Federal Loans for Collge
What kind of federal loans are available for college?
The chief federal loan program is the Stafford loan.
A Stafford loan is a federal loan program that allows students
to borrow to pay for college.
Loans are made by either a private lender or directly from the
federal government. For students with high financial need,
the government pays interest on at least a portion of that
while you’re in school.
Anyone (regardless of family income) can take out an unsubsidized
Stafford, which still lets you defer payments until after graduation.
Depending on your school, you may be offered a Stafford directly
from the government. Or you may take out a government-guaranteed
Stafford loan that’s provided by private lenders such as banks.
If eligible, a student can receive a subsidized loan, which means
that the government pays interest on the loan until the grace period
ends.
Unsubsidized loans are available to all students, who can elect
to pay interest before or after the loan repayment period begins.

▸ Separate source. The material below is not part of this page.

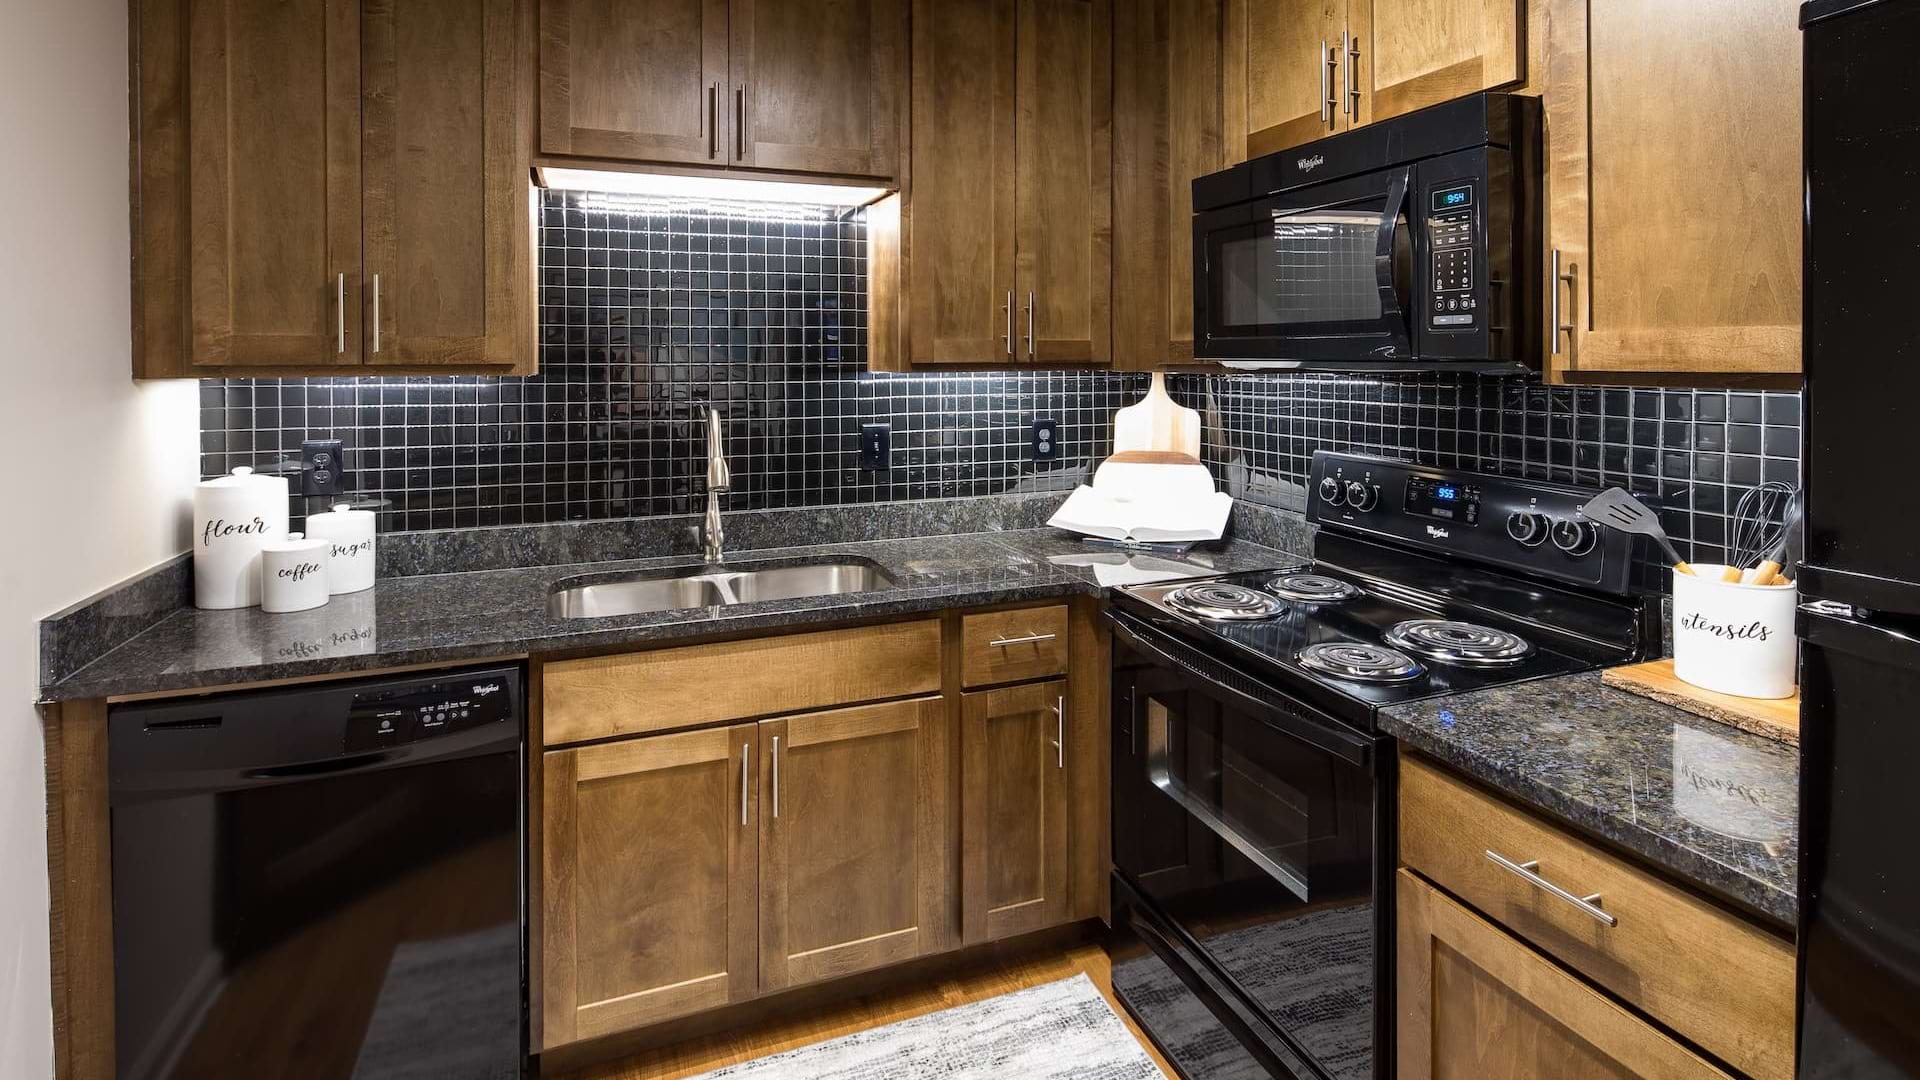 Luxury Kitchen with Sleek Granite Countertops at Our Apartments Near Emory

Interest rates are set on July 1.
All students applying for a federal student loan are required
to complete a FAFSA loan application.
If you have high need, you may also be offered a Perkins loan.

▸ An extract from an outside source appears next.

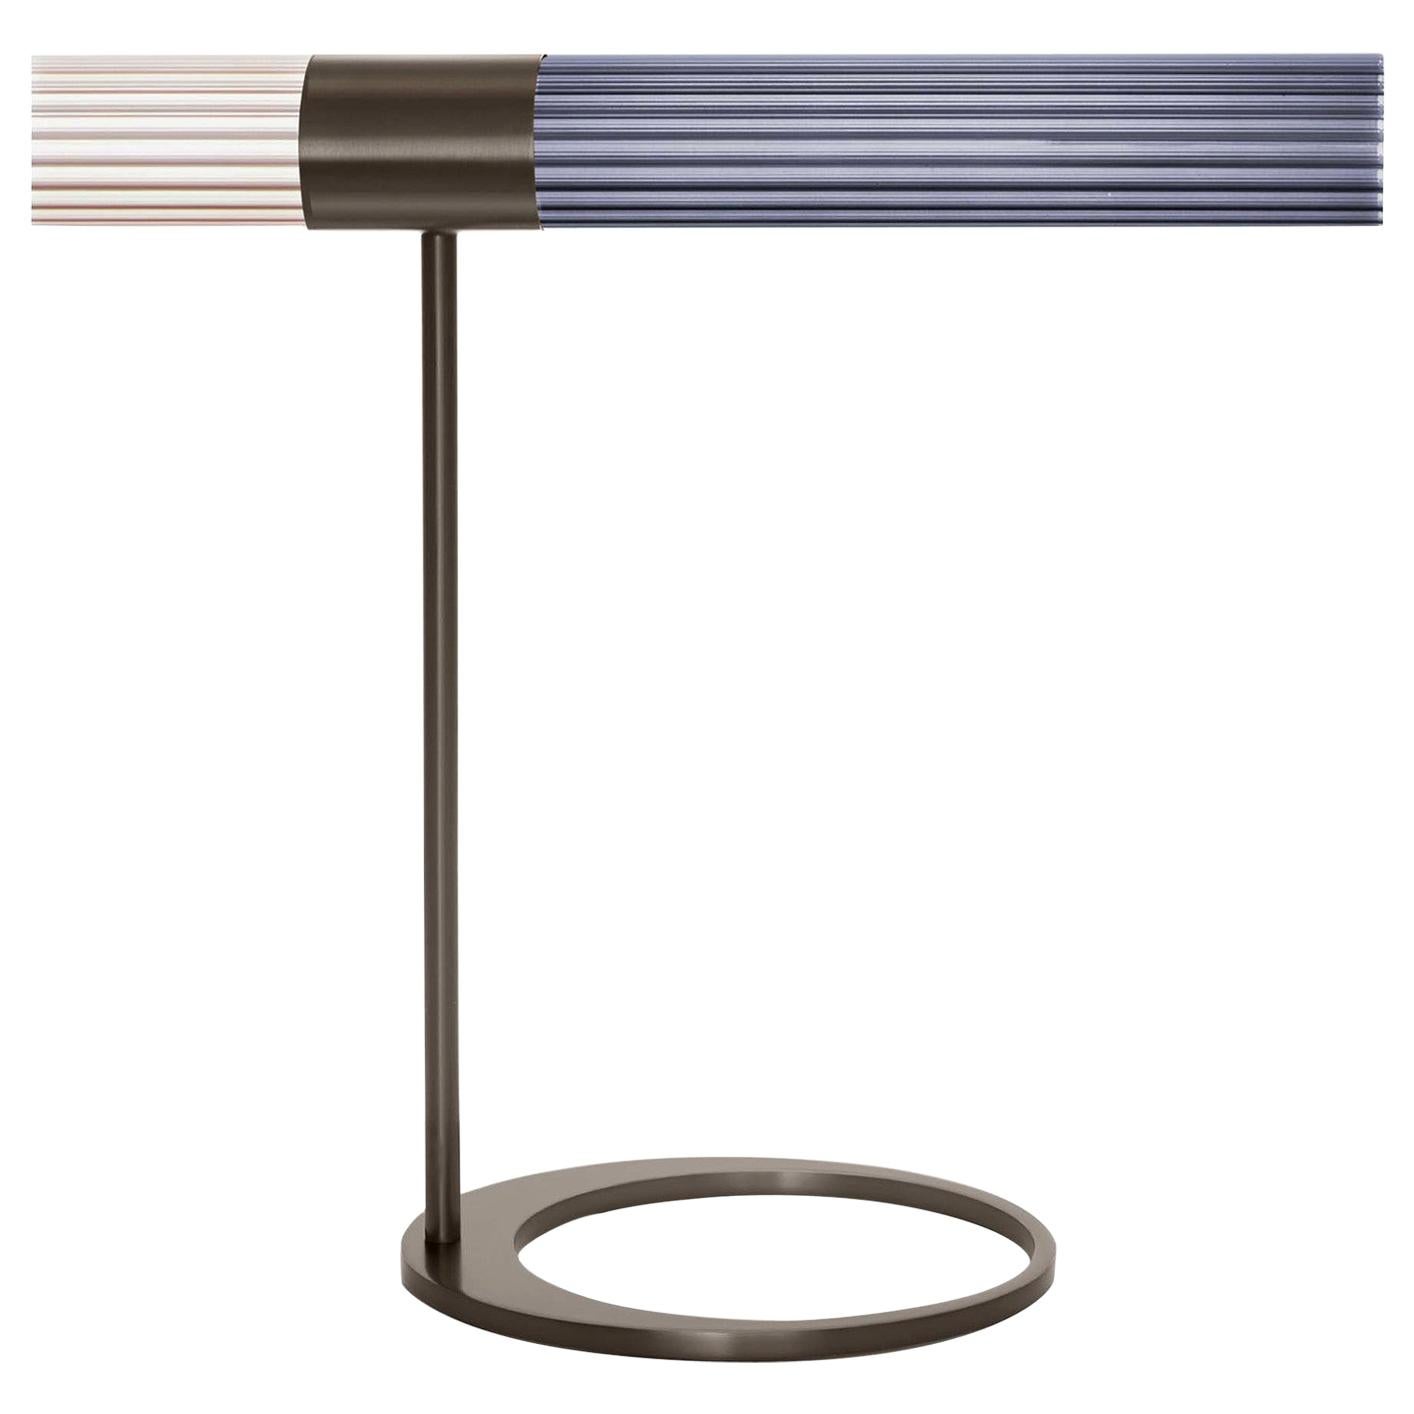 Sbarlusc Blue and White Table Lamp by Isacco Brioschi

A Perkins loan is a federal student loan program to pay for college.
Perkins loans are subsidized loans, which means the government
pays the interest until the end of the loan grace period.
The annual interest rate on Perkins loans is capped at 5%.
All students applying for a federal student loan are required
to complete a FAFSA loan application.
The grace period for Perkins loans is nine months.
The borrowing limits are $4,000 per year for undergraduates.